In 1993, Chuck and Marianne James heard that the drive-in movie theater in the town of Pueblo, Colo., was scheduled for demolition. Like the nostalgic cinephiles they are, they bought the business. “We didn’t have a business plan or anything,” explains Chuck James, who’s now 58. “We just wanted to see if we could save it.”
Pueblo once boasted four drive-in theaters, but now the Mesa Drive-In, built in 1951, is the only one. The same thing has happening in towns across the country; the number of drive-ins in America has dwindled from over 4,000 in the 1960s to about 360 today.
To fix up their hasty new purchase, the Jameses installed new bathrooms, re-painted the ticket booths, updated the concession stands, and added two movie screens. Soon, cars started pulling into their gravel parking lot. A lot of cars, actually. One night, not long after Mesa’s renovation, 3,427 people showed up for a double feature of Jurassic Park and The Flintstones, hanging out car windows and climbing trees to get a good view. A traffic jam stretched two miles down Highway 50. “The police came out and yelled at me, so we don’t have crowds like that any more,” James says. Now Mesa Drive-In is capped at 750 cars, or about 1,800 people a night.
Unless James and his wife can scrape together $210,000 to pay for digital projectors, there won’t be any cars at the Mesa Drive-In at all next year. “We knew this switch to digital was coming,” he says. “We’ve been saving for years for this. But for us, $210,000 is a huge chunk of change.”
By the end of this year, Hollywood distributors are expected to stop producing movies in traditional 35 millimeter film and switch entirely to digital. The digital push is good for moviegoers who like crisp, shiny blockbusters and for the Hollywood studios who make them; it costs over $1,000 to print one 35 mm film copy, compared to the $100 it takes to release a digital version on an encrypted hard drive.
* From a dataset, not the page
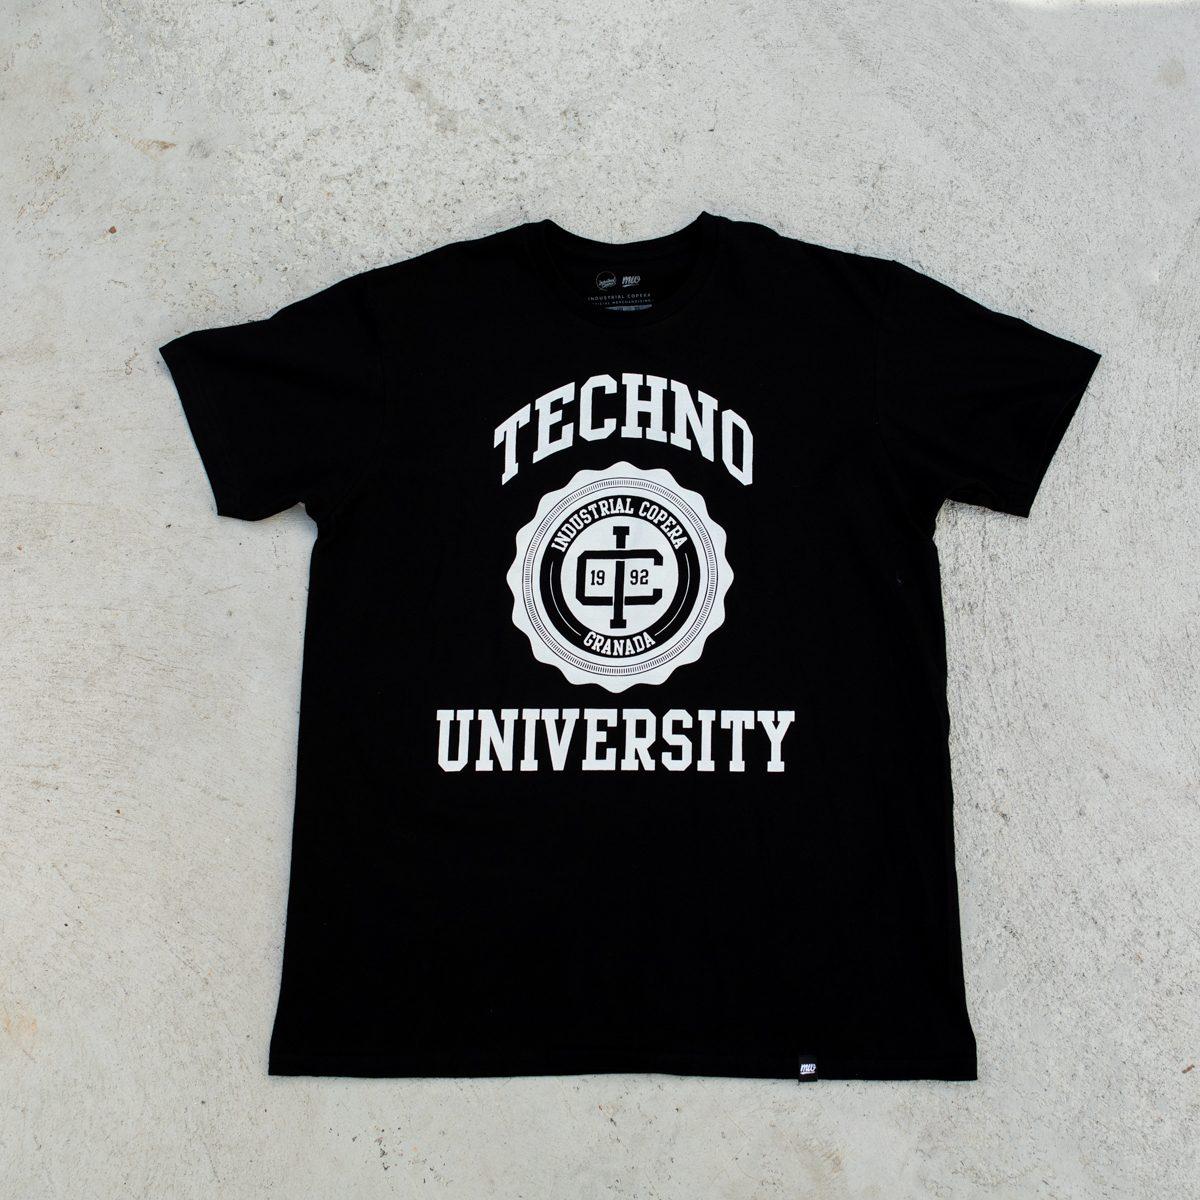 Camiseta negra Industrial Copera Techno University

According to industry analytics firm IHS, about 76 percent of all screens across the world have already been upgraded. (In the U.S., the rate is more like 90 percent). But at $75,000 to $100,000 for just one projector, the cost of upgrading to digital is expensive for movie theaters, sometimes prohibitively so. And America’s last remaining drive-ins—the majority of which are still family-owned and seasonally operated—are finding it hard to switch.
“We have challenges that other movie theaters don’t,” says John Vincent, president of United Drive-In Theater Owners Association and the owner of Wellfleet Drive-In in Cape Cod, Mass. “We have fewer screens and can only show one or two movies a night. Now we have to spend tens of thousands of dollars just to stay in business.”
According to Vincent, only 150 drive-ins have converted so far—the other 210 have until the end of the year either to get with the program or go out of business. Honda Motor (HMC) has launched a campaign to help save them, promising to give away five digital projectors to the establishments that get the most votes on its Project Drive-In website. Mesa Drive-In is one of Honda’s contestants; Vincent’s Wellfleet isn’t because his theater has already upgraded. Last year, Vincent replaced his five 35 mm projectors—which had been running smoothly since they were installed in 1957—for about $70,000 each. “I’ll admit it, it’s a fantastic picture,” he says.
It may seem silly to fret over the fate of 210 movie theaters whose business model is outdated, even compared with regular movie theaters. But art houses and indie film theaters are struggling with the conversion problem, too. “In January, we couldn’t get movie trailers in 35 mm any more, and we knew the window to convert was finally closing,” says Stephanie Silverman, executive director of the Belcourt, a two-screen nonprofit theater in Nashville, Tenn. Because the Belcourt shows a lot of repertory films, it didn’t replace old projectors, just installed digital alongside them. (Price tag: $200,000.) The upgrade has allowed the Belcourt to expand its offerings, but so far the decreased production cost of digital hasn’t translated to savings for the movie theater. “There is a huge cost-benefit for someone, but it’s not us,” she says. “It’s just as expensive to license a movie as it ever was.”
The Honda competition runs though Sept. 9. If James doesn’t win, he says he’ll somehow find the money to keep Mesa Drive-In open. “We’ll take our good credit and equity to the bank and start begging for money,” he says. “Please give me a loan for a projector! I promise I’ll pay!”